README.md

KSHV_mathematical_analysis_tidy

Mathematical analysis for replication and segregation of KSHV

Estimating replication and segregation efficiency

To calculate estimates of replication and segregation efficiency, run the following scripts for each experimental condition:

• analyze_fixed_8TR.R for estimates from the fixed images of 8TR cells
  • results in Figure 2, Figure S4A, Figure S5A, Figure S14A
• analyze_fixed_KSHV.R for estimates from the fixed images of KSHV cells
  • results in Figure 5, Figure S4C, Figure S5B, Figure S14B
• analyze_live_KSHV.R for estimates from the images of live KSHV cells
  • results in Figure 6, Figure S4D, Figure S5C, Figure S14C&D

These estimates rely on functions in the following scripts.

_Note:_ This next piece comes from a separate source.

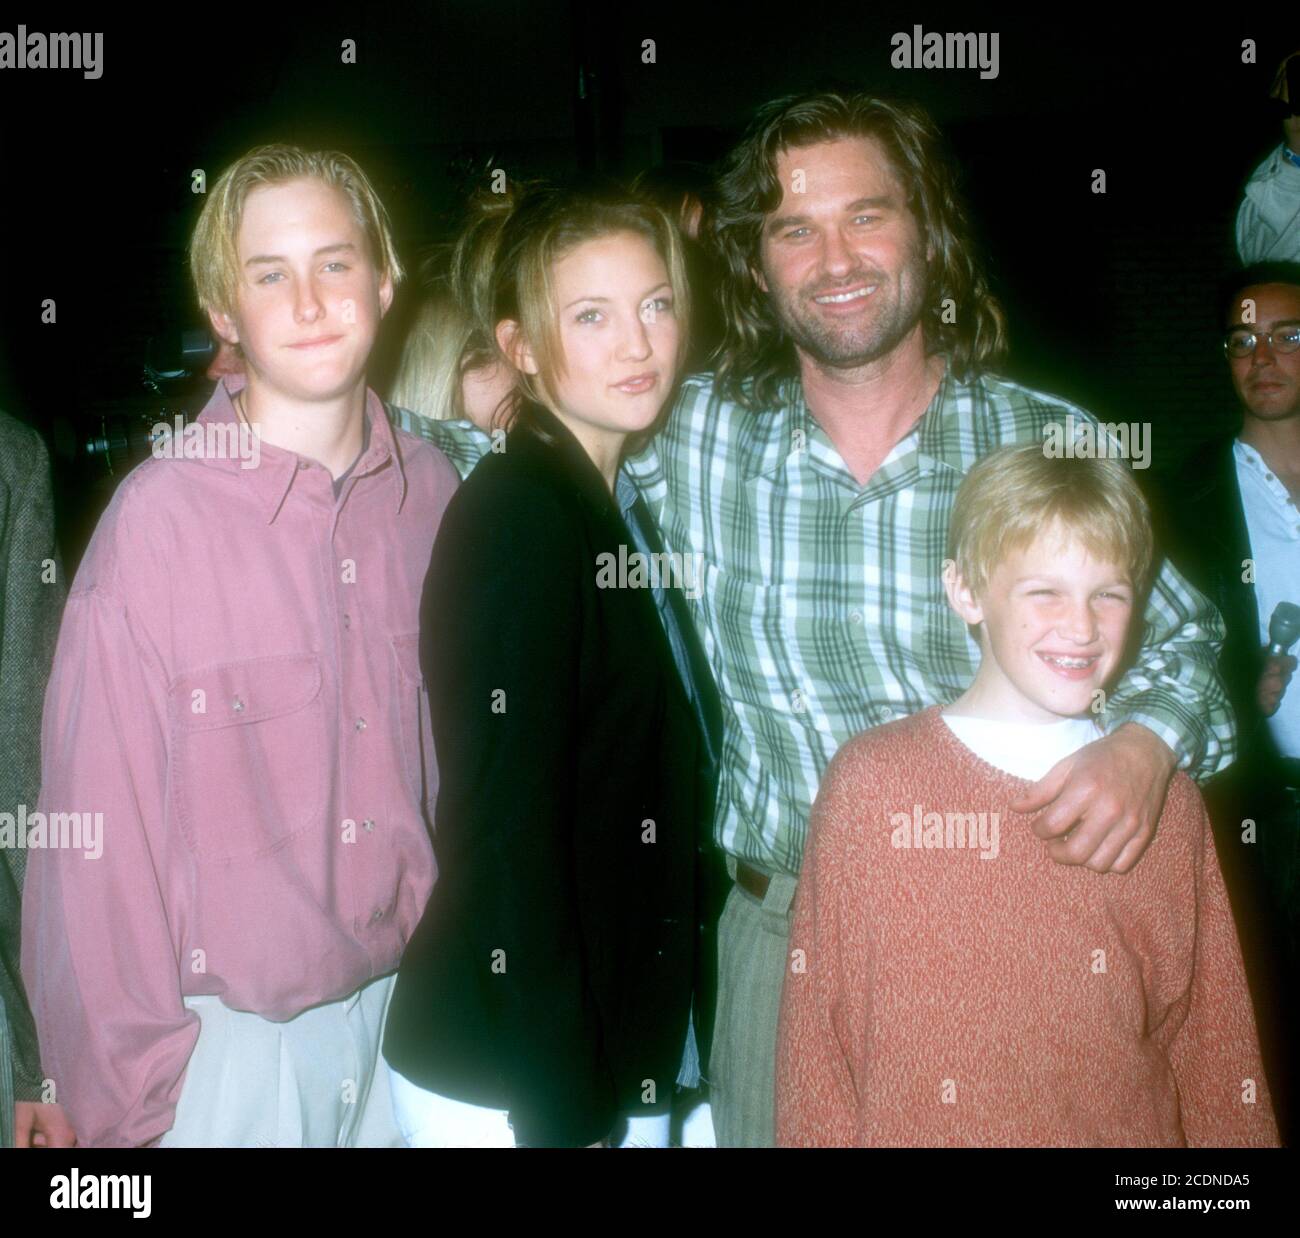 Westwood, California, USA 11th March 1996 (L-R) Boston Russell, Actress Kate Hudson, actor Kurt Russell and son Wyatt Russell attend Warner Bros. Pictures' 'Executive Decision' Premiere on March 11, 1996 at Mann Village Theatre in Westwood, California, USA. Photo by Barry King/Alamy Stock Photo Stock Photo

functions_run_pipeline.R Contains four functions:

• load_data() to read in and format the data
• run_pipeline() to estimate the number of episomes per cell via Gibbs sampling and find ML estimates of replication and segregation efficiencies
• make_plots() to make diagnostic plots from the analysis outputs, some of which are included in the supplement
• figures() to make the figure included in the main text

functions_inference.R Includes functions called from run_pipeline() and make_plots() required to implement Gibbs sampling, compute likelihoods, and quantify uncertainty. The main functions are:

• likelihood() Computes the likelihood of observing an observed daughter cell pair given $X_0$, $P_r$, and $P_s$
• calculate_maximum_likelihood_unknownX0() runs a grid search to find the maximum likelihood estimates of Pr and Ps marginalized over values of $X_0$
• calculate_CI() calculates the joint 95% confidence interval based on the results of calculate_maximum_likelihood_unknownX0()
• run_grid_search() combines the prior two functions and plots the results of the grid search
• run_gibbs() implements Gibbs sampling to estimate the number of episomes per LANA dot
• convergence_results() calculate convergence heuristics for Gibbs sampling

Supplemental figures S4, S5, and S14 are generated with the generate_supplemental_figures.R script.

Simulations

Simulations for four cell-growth scenarios can be run with the following scripts:

• simulate_constant.R simulates a constant-sized cell population without selection
  • Figures 7, S8, S9, S10
• simulate_constant_selection.R simulates a constant-sized cell population under selection
  • Results not included in manuscript
• simulate_expo_selection.R simulates an exponentially-growing cell population of immortal cells under selection
  • Figure 8
• simulate_PEL_growth.R simulates a KSHV-dependent tumor under therapy that reduces replication or segregation efficiency
  • Figures 9, S11, S12

Functions for each of these scenarios are defined in functions_simulations.R, along with a few plotting functions. The main simulation functions are:

• makeChildren() Simulates the fate of episomes during cell division according to a given replication and segregation efficiency
• simStepFlex() Simulates one step of the cell population dynamics by sampling the type of event (either cell birth or death) and the time advance
• extinction() Simulates a dividing cell population that grows until it reaches a designated size, around which it fluctuates. If there is no selection against cells without episomes, simulations end when there are no more episomes in the population or when the simulation reaches a designated stop time. If there is selection against cells without episomes, the simulation is run for 700 generations. The distribution of episomes in the population is recorded at each time step.
• exponential_growth() Simulates a dividing cell population that grows exponentially until it reaches a designated size. The distribution of episomes in the population is recorded at designated population sizes.
• PEL_simulations() Uses the exponential_growth() function to simulate a tumor that grows until it reaches a designated size with a baseline replication and segregation efficiency. Then, replication and/or segregation efficiency is reduced and the tumor is simulated until it reaches a designated size, dies off, or until a specified time.

Benchmarking methods

Bias of the ML estimates can be assessed using synthetic data by running the benchmark_MLE.R script (Figures S15, S16). Synthetic data is generated with simulate_multiple_cells(), which simulates one division for all cells in a specified population size.

The sensitivity of parameter estimates from MCMC to the choice of prior for $n_k$ can be assessed by running the benchmark_prior_sensitivity.R script (Figure S13).